Bei Panikstörungen kann es helfen, die angsterfüllte Person ganz feste in den Arm zu nehmen und er*sie entspannt sich. Ist jemand auf dem Autismus-Spektrum, kommt häufig eine beschwerte Decke zum Einsatz. Auch für neurotypische Personen kann Druck durchaus zu Entspannung führen. Falls ihr gerade keinen Partner*in habt, der*die sich mal eben der Länge nach auf euch drauflegen kann, empfehle ich erstmal, sich unter eine Decke und Yogablöcke zu legen. Wenn du das Gefühl magst, könntest du dir zum Beispiel Kirschkerne in eine Decke nähen, oder eine fertige beschwerte Decke kaufen.

6. Ekstatischer Tanz

Einmal verirrte ich mich auf eine Improvisations-Performance-Tanz-Veranstaltung und war von der Atmosphäre dort so begeistert, dass ich mich entschied, nach Berlin zu ziehen. Die Leute dort tanzten intuitiv und mit so viel Begeisterung, das wollte ich auch. Traute mich allerdings nicht. Also fragte ich bei Pascal nach einem Workshop an, um so zu tanzen zu lernen. Er meinte “das Event selbst ist der Workshop! Komm einfach mal vorbei.”

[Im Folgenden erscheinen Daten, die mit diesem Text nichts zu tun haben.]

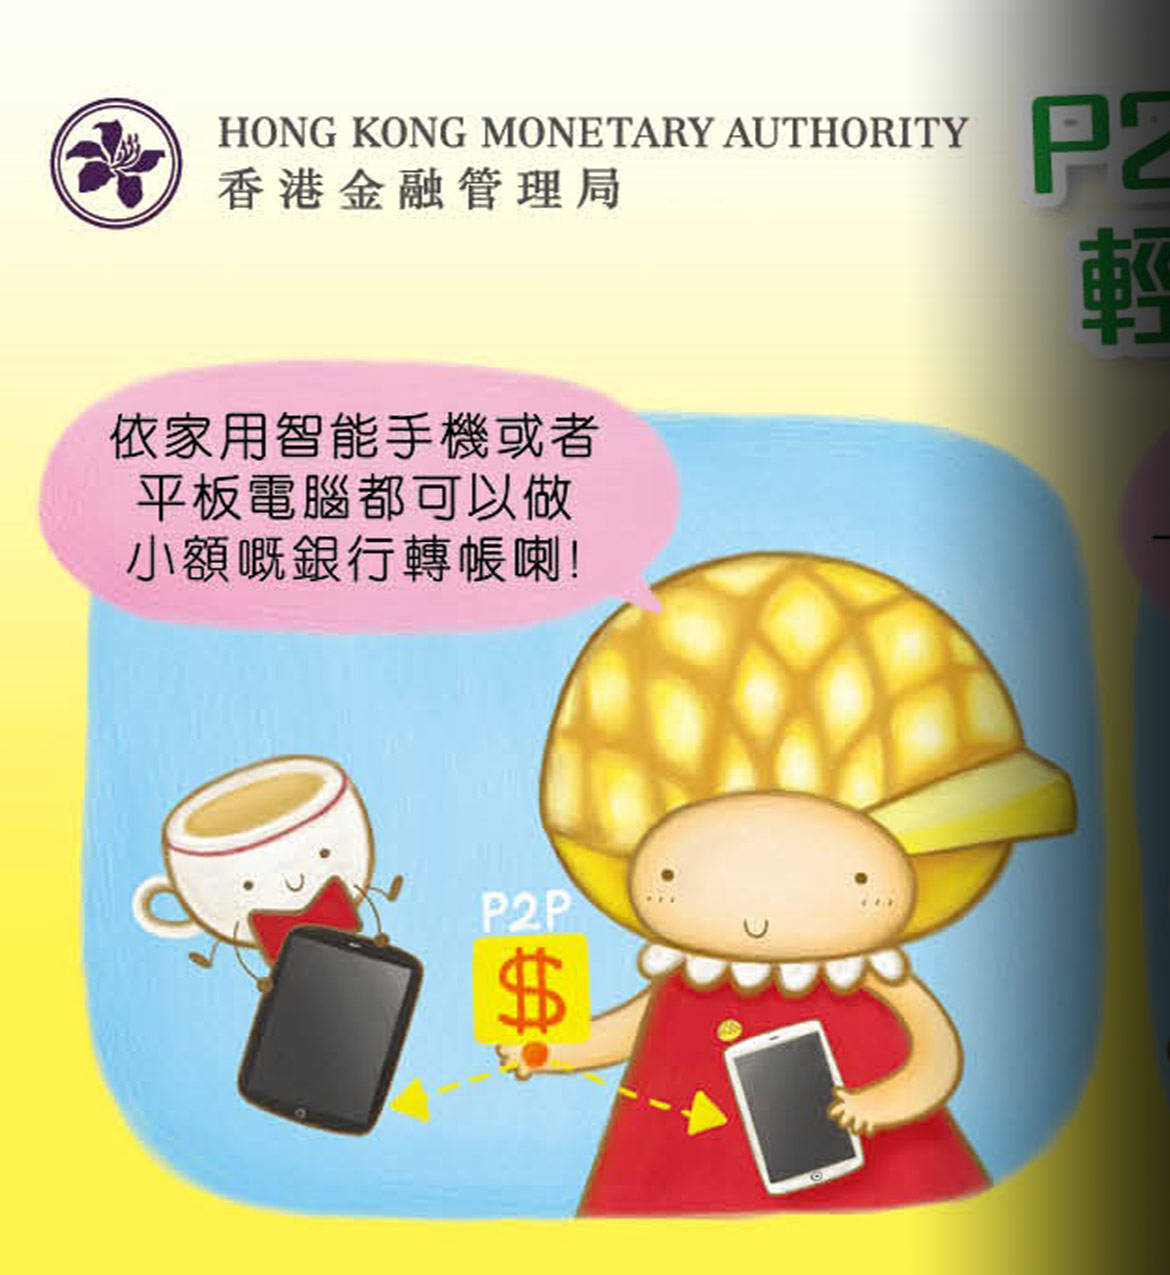 Comics - P2P Small-Value Funds Transfer Service (Chinese only)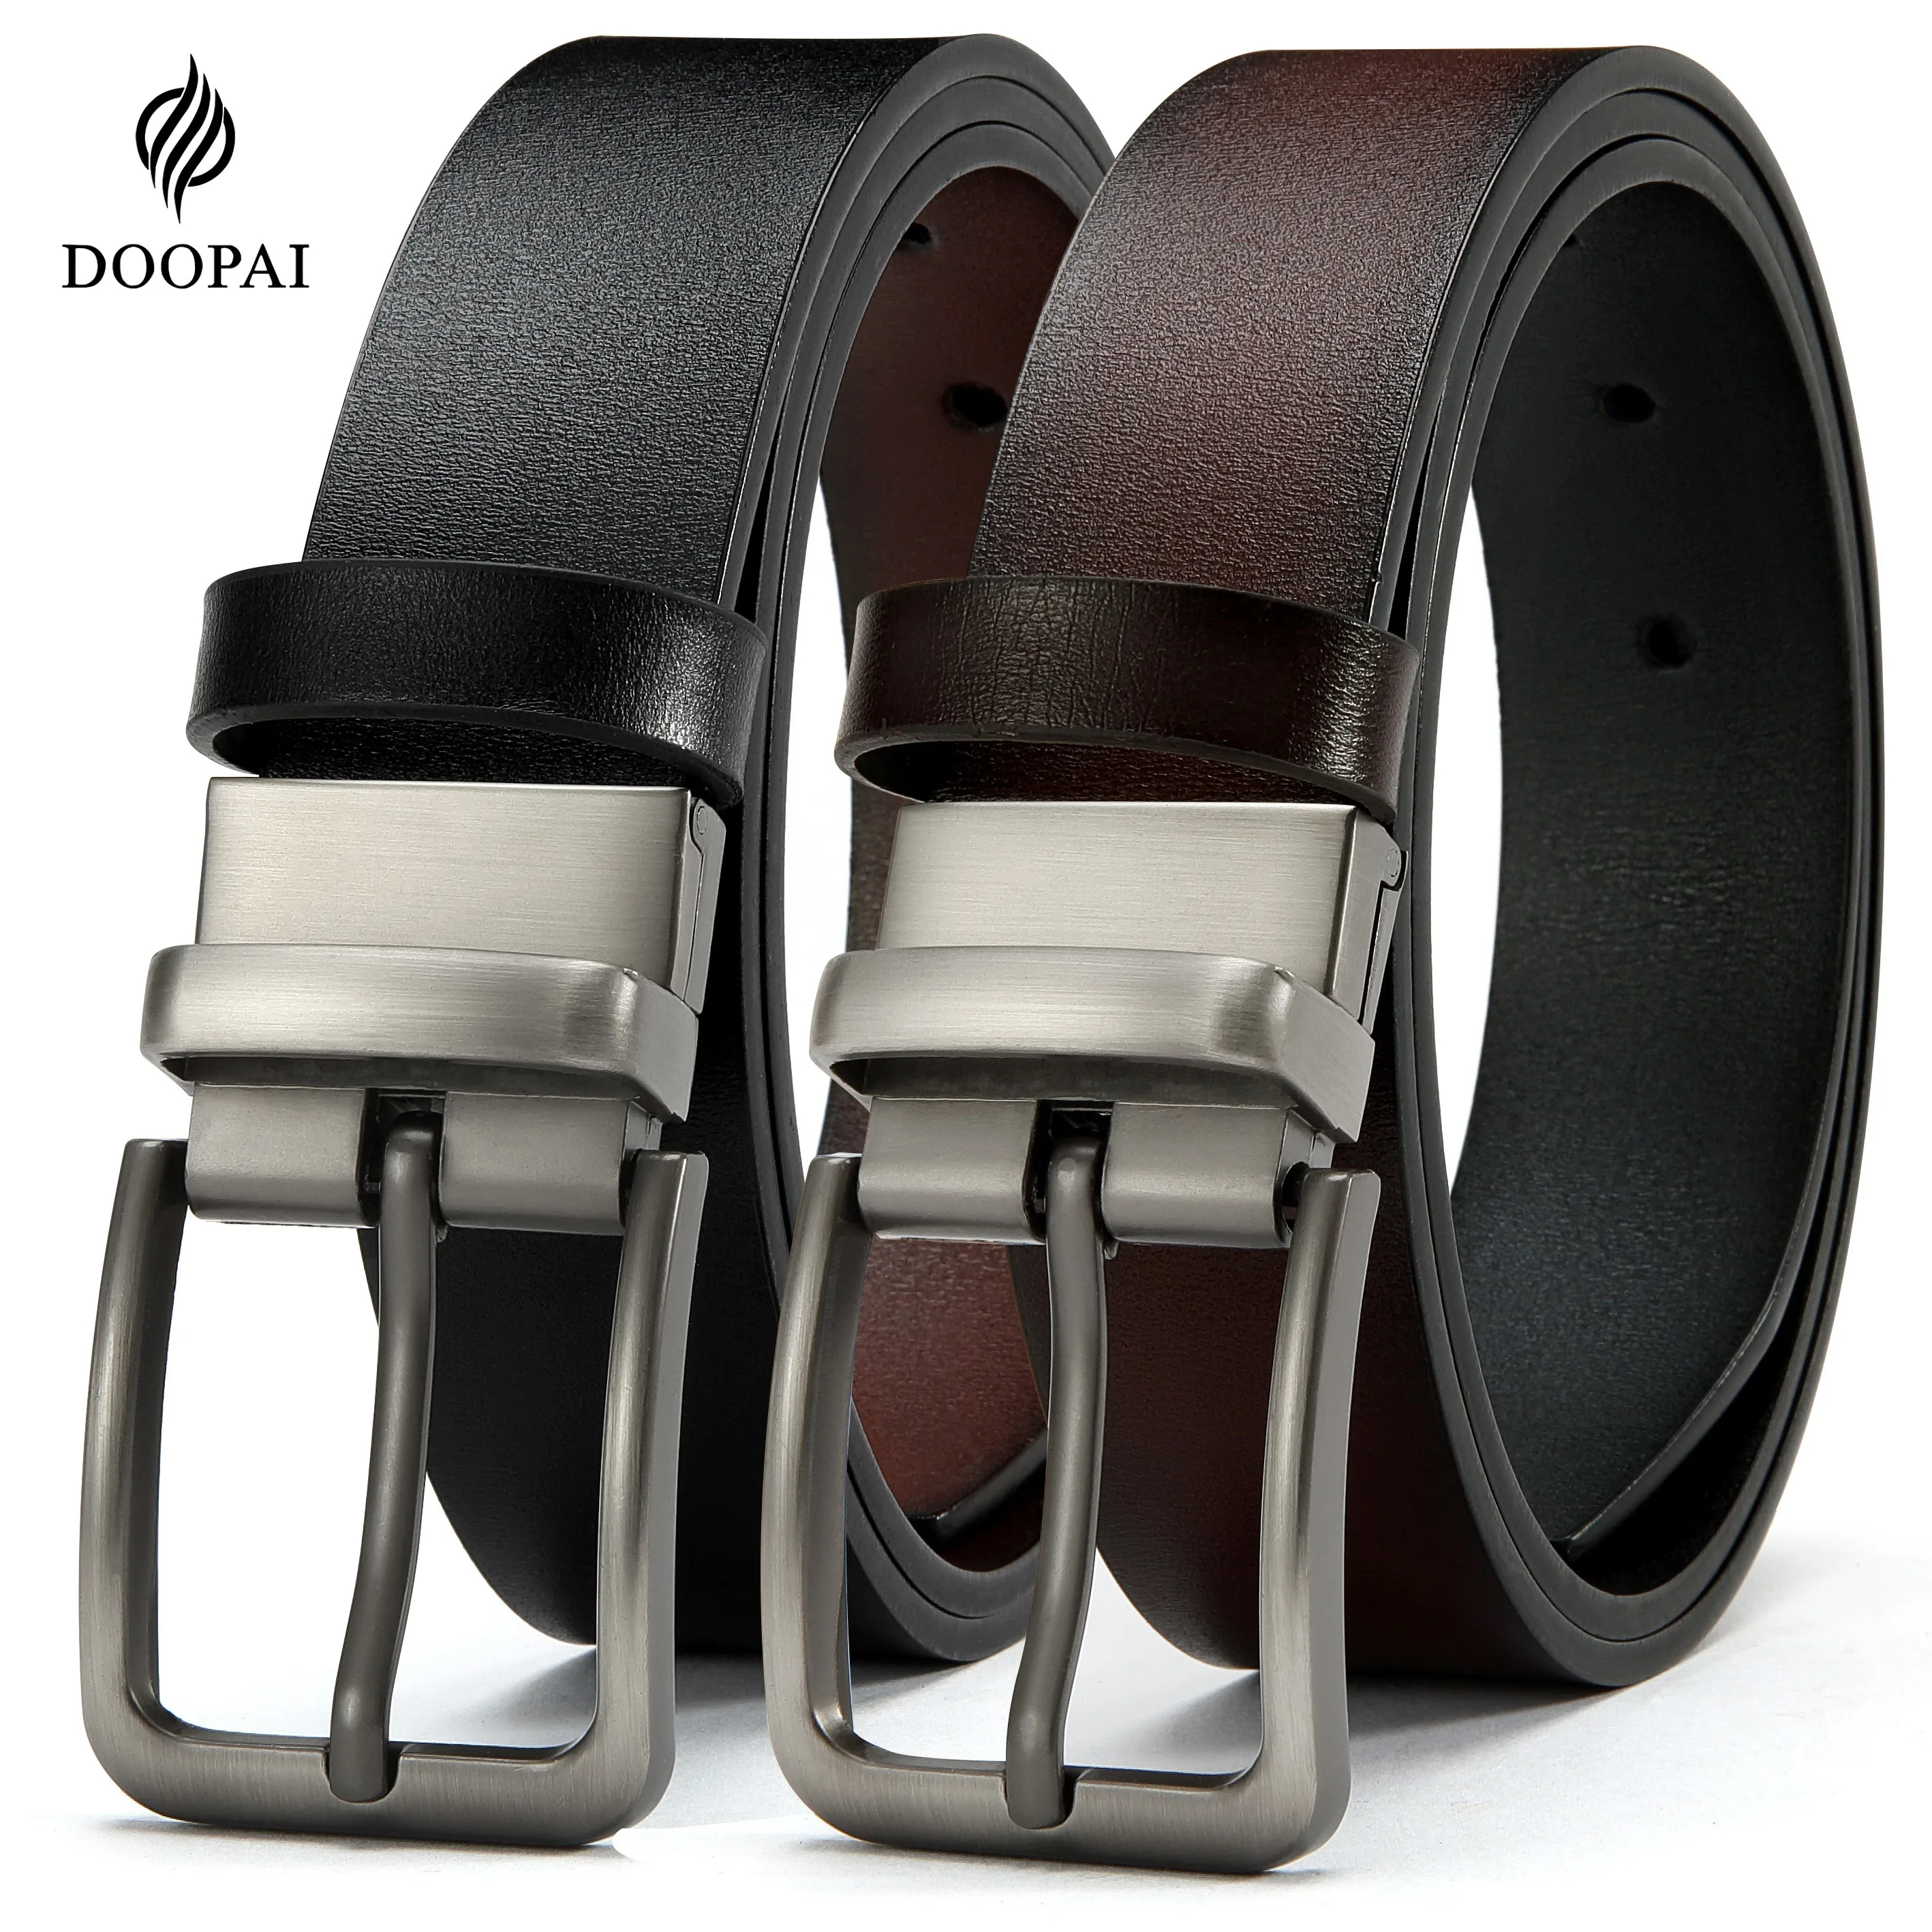 Mens Leather Pin Buckle Belt High Quality Leather Belt Genuine Leather Jeans Cowskin Casual Belts Business Cowboy Waistband Male

Vor Ort erwarteten mich einige Partnerübungen mit viel Körperkontakt und sehr liebe und entspannte Menschen. Als die Musik zum ekstatischen Tanz dann losging, war mir tatsächlich nichts mehr peinlich, ich schloss die Augen und tanzte drauf los. Meine Empfehlung für jeden, der beim Tanzen noch nicht so richtig aus sich herausgeht. Die nächsten Veranstaltungen findest du hier.

7. Tagebuch-Schreiben

Ja, ernsthaft! Oder, in cool: Journaling. Zum Testen kannst du einfach mal aufschreiben, für was du heute dankbar bist. Drei Dinge, jeden Tag. Ich wette, nach einer Woche wirst du entspannter und vielleicht auch ein bisschen glücklicher sein. Falls du richtig eintauchen möchtest in das Thema: Die liebe Sheila hat dazu einen Artikel geschrieben.

Wenn ich wirklich keine Lust auf Yoga habe, habe ich für mich entschieden, es einfach mal gut sein zu lassen. Anstatt “du musst jetzt ins Yoga” denke ich “was könnte ich mir jetzt Gutes tun?” und das weiß mein Körper meist ganz intuitiv. Nicht immer bedeutet das automatisch, auf der Couch liegen zu bleiben. Ich schließe die Augen und höre in mich hinein. Zu meiner eigenen Überraschung finde ich eine starke Energie und den Wunsch nach Bewegung. Wann habe ich mich das letzte Mal so richtig ausgepowert? Das ist viel zu lange her! Ich habe Lust zu tanzen, zu hüpfen, zu lachen und mich stark zu fühlen. Ecstatic Dance, ich komme!

Bist du heute auch ein Yoga-Muffel?

Ich hoffe, diese Liste hat dich inspiriert, dir trotzdem etwas Zeit zu nehmen und etwas Gutes zu tun.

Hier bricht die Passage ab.